Task details ▸ What is needed is an exact copy of every line from the one with "Lexmark T630/T632 T630" to the end of the entries below, without the pictures.

= = = = = = =

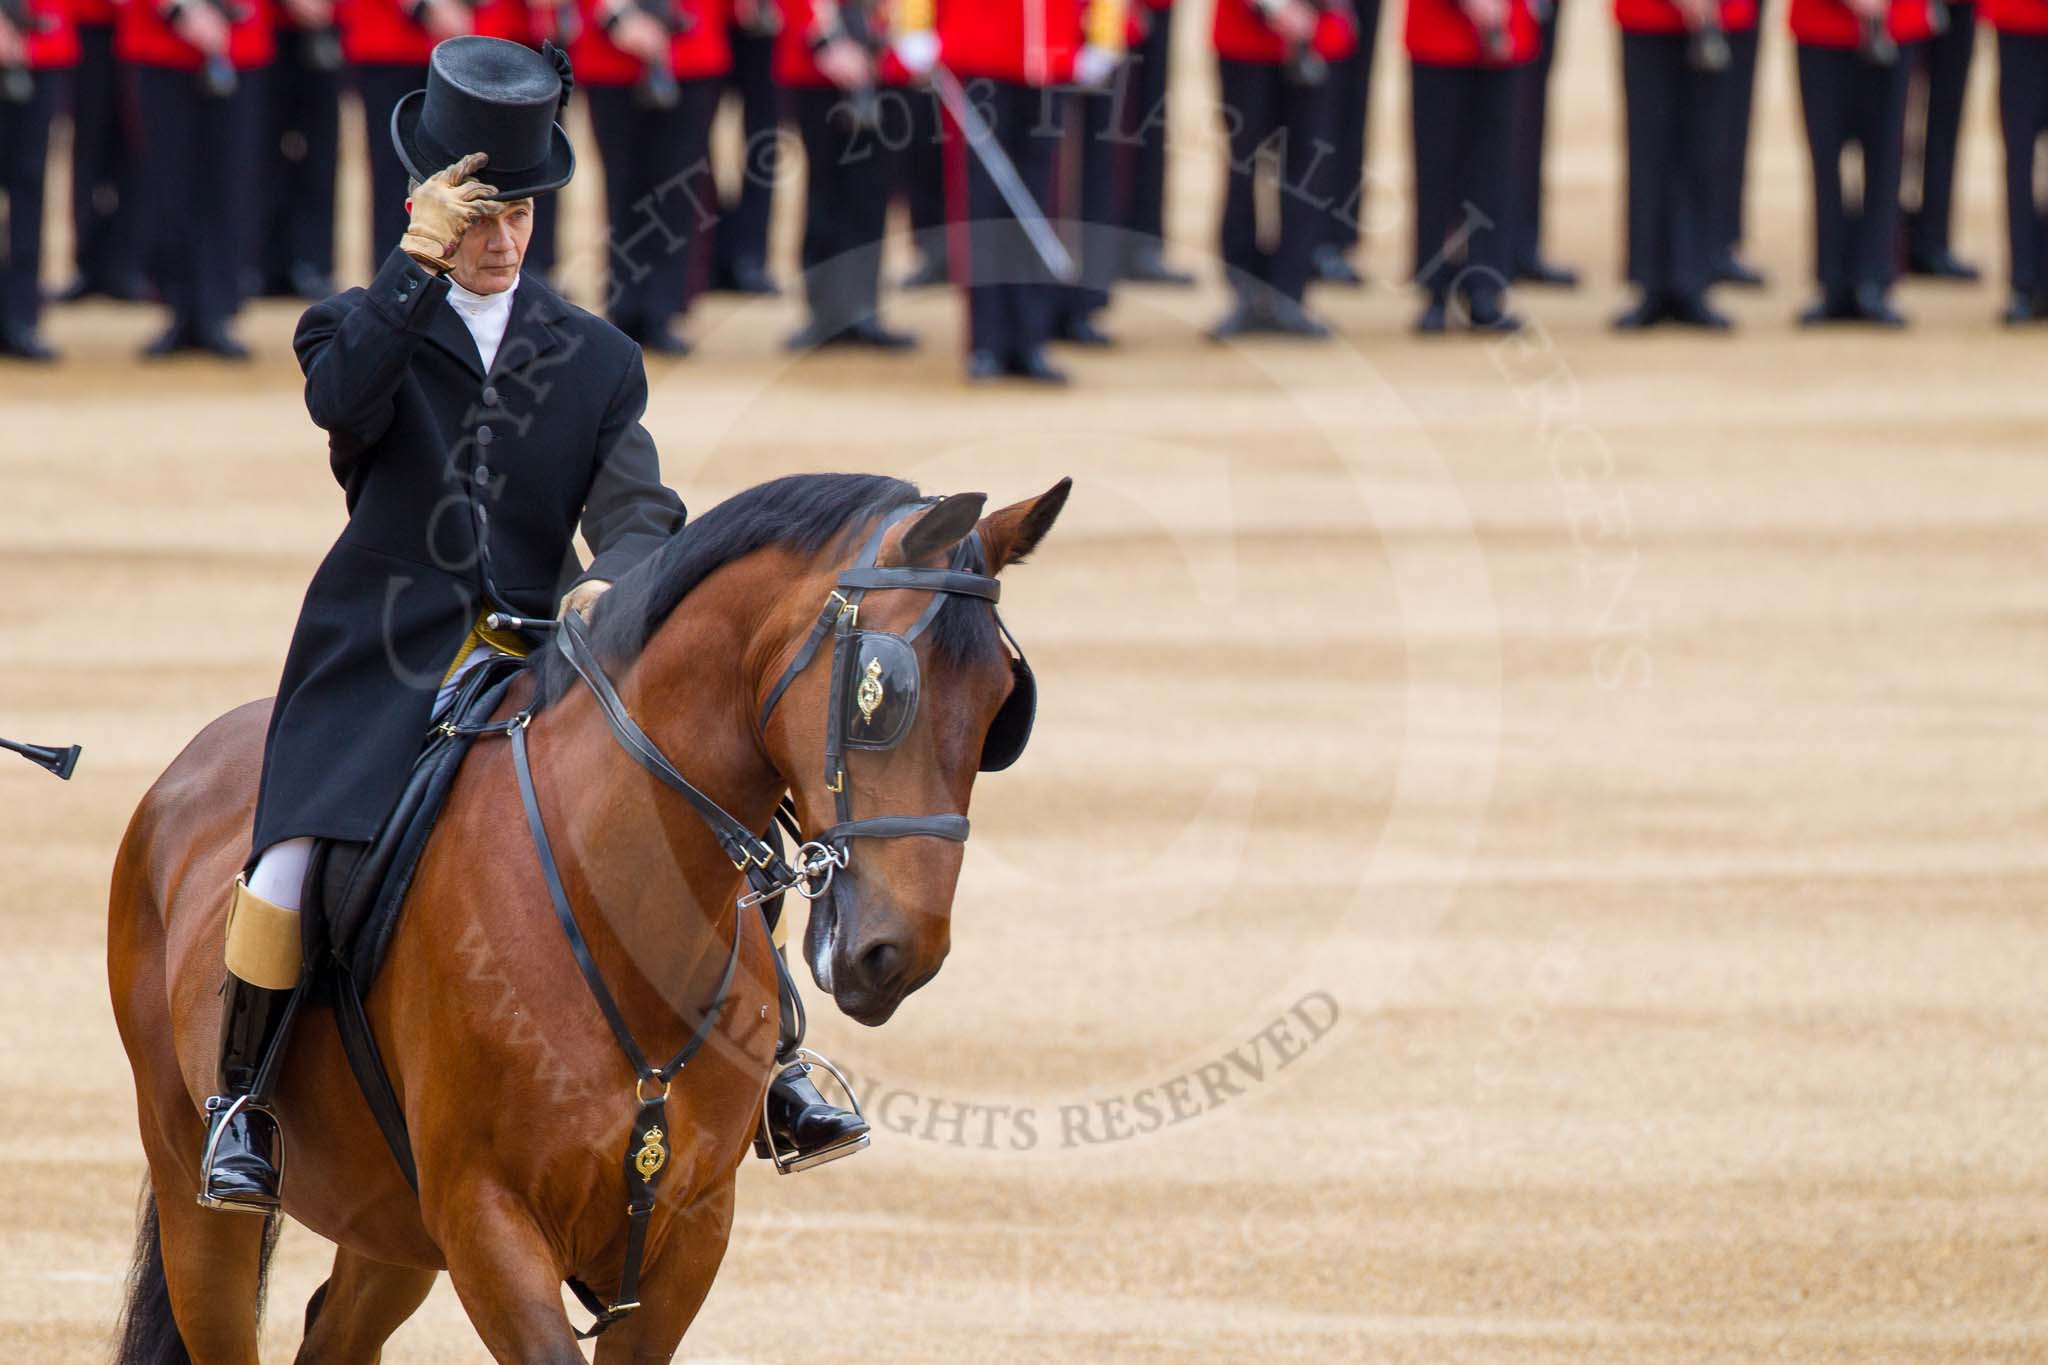 Major General's Review 2013: Two grooms are leading the line of carriages that will carry members of the Royal Family across Horse Guards Parade..
Horse Guards Parade, Westminster,
London SW1,

United Kingdom,
on 01 June 2013 at 10:51, image #204
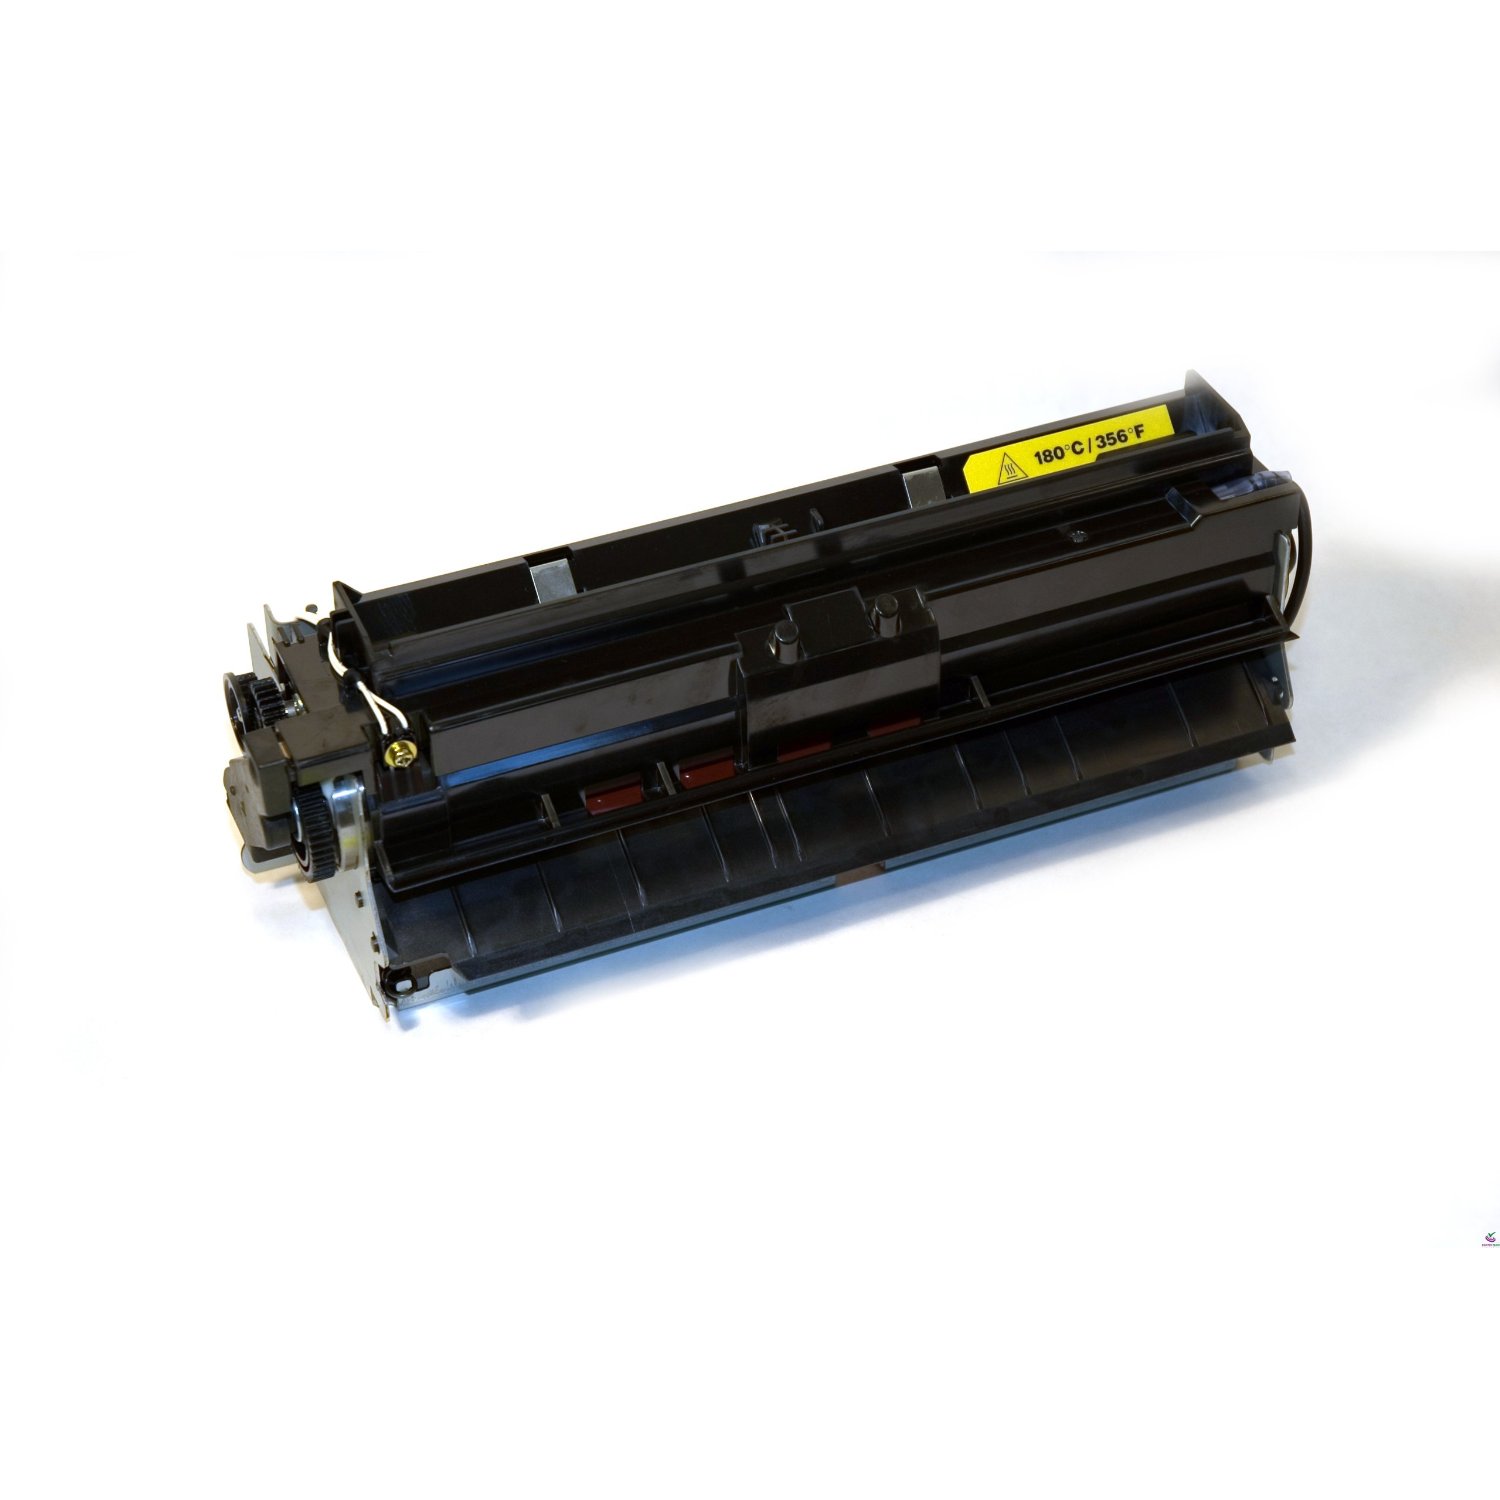 Lexmark T630/T632 T630 12A7465: Lexmark High Yield Remanufactured Black Toner Cartridge for T630/632/634 and X630/632 Series
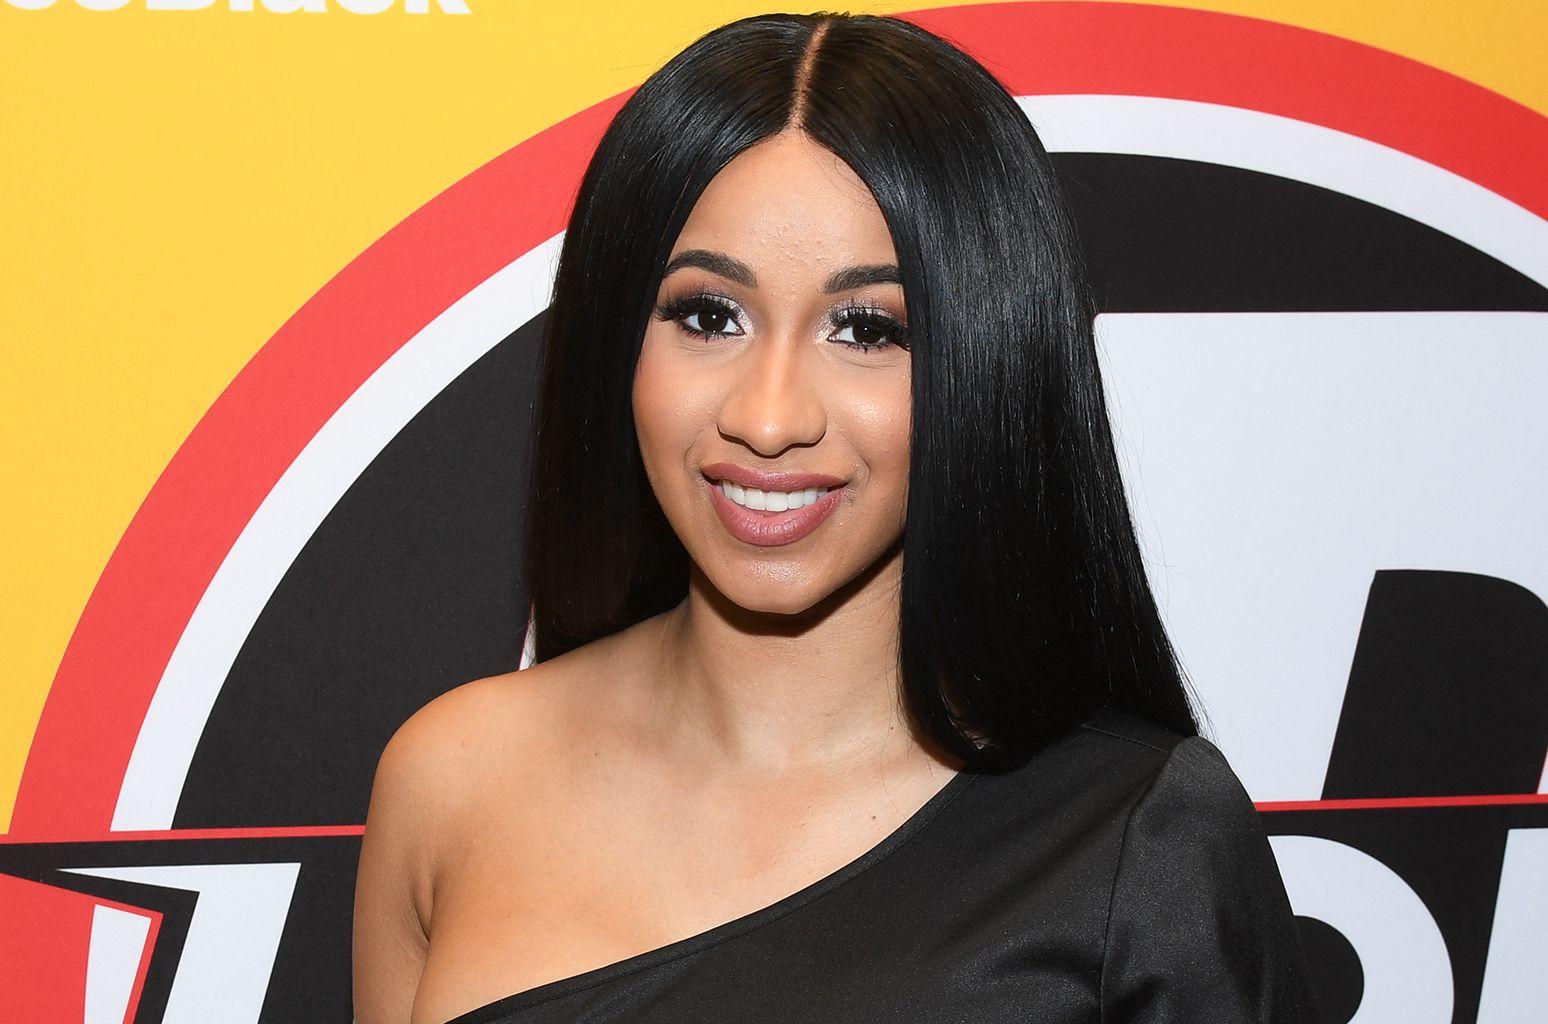 An Introduction To Cardi B: The 'Bodak Yellow' Rapper Me

= = = = = = =

Answer to this task ▸
 Lexmark T630/T632 T630 12A7465: Lexmark High Yield Remanufactured Black Toner Cartridge for T630/632/634 and X630/632 Series
 An Introduction To Cardi B: The 'Bodak Yellow' Rapper Me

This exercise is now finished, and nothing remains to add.